**Work item:**
Beginning with the first line and ending with the one containing "Nordictrack Elite 900 Treadmill", copy the lines of the listing below exactly; omit everything else.

^^^^^^^^^^^^^^^^

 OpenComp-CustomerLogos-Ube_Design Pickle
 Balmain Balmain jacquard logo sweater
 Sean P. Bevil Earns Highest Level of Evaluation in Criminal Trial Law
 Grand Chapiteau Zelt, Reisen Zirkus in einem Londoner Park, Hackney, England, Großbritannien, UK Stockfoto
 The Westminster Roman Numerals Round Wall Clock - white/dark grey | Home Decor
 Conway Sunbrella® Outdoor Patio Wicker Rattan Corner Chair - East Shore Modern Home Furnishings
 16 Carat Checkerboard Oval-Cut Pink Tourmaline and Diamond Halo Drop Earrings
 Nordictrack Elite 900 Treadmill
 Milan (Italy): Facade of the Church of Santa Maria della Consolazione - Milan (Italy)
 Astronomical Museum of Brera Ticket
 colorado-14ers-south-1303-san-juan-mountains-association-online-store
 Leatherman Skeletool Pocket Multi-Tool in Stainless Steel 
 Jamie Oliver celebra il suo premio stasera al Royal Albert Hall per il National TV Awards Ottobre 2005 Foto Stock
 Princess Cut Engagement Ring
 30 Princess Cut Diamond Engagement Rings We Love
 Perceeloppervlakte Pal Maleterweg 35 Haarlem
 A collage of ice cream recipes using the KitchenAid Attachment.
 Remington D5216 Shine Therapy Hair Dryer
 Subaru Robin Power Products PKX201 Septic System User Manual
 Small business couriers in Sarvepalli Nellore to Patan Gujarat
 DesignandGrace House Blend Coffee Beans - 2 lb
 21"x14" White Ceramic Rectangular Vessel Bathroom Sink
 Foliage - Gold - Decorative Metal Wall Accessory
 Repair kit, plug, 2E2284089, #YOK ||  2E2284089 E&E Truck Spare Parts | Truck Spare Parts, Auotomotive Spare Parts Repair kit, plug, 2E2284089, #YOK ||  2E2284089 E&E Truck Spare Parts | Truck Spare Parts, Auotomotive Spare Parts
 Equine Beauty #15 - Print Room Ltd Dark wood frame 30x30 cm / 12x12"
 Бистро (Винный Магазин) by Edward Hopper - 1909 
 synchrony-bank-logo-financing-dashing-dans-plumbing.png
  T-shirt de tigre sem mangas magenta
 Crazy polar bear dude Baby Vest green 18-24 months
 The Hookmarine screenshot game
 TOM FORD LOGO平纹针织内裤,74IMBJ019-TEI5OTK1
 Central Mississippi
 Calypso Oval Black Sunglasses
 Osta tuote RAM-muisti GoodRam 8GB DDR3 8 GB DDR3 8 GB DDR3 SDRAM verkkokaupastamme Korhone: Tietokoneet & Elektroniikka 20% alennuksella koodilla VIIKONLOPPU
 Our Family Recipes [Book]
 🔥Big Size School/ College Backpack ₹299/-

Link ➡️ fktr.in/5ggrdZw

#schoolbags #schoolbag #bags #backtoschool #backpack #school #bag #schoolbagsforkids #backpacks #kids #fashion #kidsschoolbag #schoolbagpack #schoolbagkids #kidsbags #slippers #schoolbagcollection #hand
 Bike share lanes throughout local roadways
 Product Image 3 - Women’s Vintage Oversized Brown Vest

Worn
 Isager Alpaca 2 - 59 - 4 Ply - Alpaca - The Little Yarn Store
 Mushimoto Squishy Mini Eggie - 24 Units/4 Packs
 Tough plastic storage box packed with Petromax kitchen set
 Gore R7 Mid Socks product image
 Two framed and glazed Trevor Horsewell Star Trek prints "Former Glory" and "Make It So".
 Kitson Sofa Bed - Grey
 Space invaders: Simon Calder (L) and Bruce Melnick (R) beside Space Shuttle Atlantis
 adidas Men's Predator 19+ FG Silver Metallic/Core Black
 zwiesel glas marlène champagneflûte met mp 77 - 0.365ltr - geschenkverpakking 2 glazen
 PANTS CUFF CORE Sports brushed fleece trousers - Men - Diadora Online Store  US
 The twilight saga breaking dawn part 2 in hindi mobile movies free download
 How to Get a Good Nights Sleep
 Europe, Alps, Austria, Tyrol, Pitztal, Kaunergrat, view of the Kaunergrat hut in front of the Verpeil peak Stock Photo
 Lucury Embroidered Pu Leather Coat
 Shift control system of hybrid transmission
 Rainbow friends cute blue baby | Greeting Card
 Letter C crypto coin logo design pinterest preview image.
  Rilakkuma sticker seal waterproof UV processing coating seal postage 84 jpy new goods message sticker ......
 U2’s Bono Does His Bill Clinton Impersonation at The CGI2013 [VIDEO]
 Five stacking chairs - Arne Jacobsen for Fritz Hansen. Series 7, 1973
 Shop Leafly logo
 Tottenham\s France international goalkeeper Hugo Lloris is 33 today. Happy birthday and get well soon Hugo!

^^^^^^^^^^^^^^^^

**Response:**
 OpenComp-CustomerLogos-Ube_Design Pickle
 Balmain Balmain jacquard logo sweater
 Sean P. Bevil Earns Highest Level of Evaluation in Criminal Trial Law
 Grand Chapiteau Zelt, Reisen Zirkus in einem Londoner Park, Hackney, England, Großbritannien, UK Stockfoto
 The Westminster Roman Numerals Round Wall Clock - white/dark grey | Home Decor
 Conway Sunbrella® Outdoor Patio Wicker Rattan Corner Chair - East Shore Modern Home Furnishings
 16 Carat Checkerboard Oval-Cut Pink Tourmaline and Diamond Halo Drop Earrings
 Nordictrack Elite 900 Treadmill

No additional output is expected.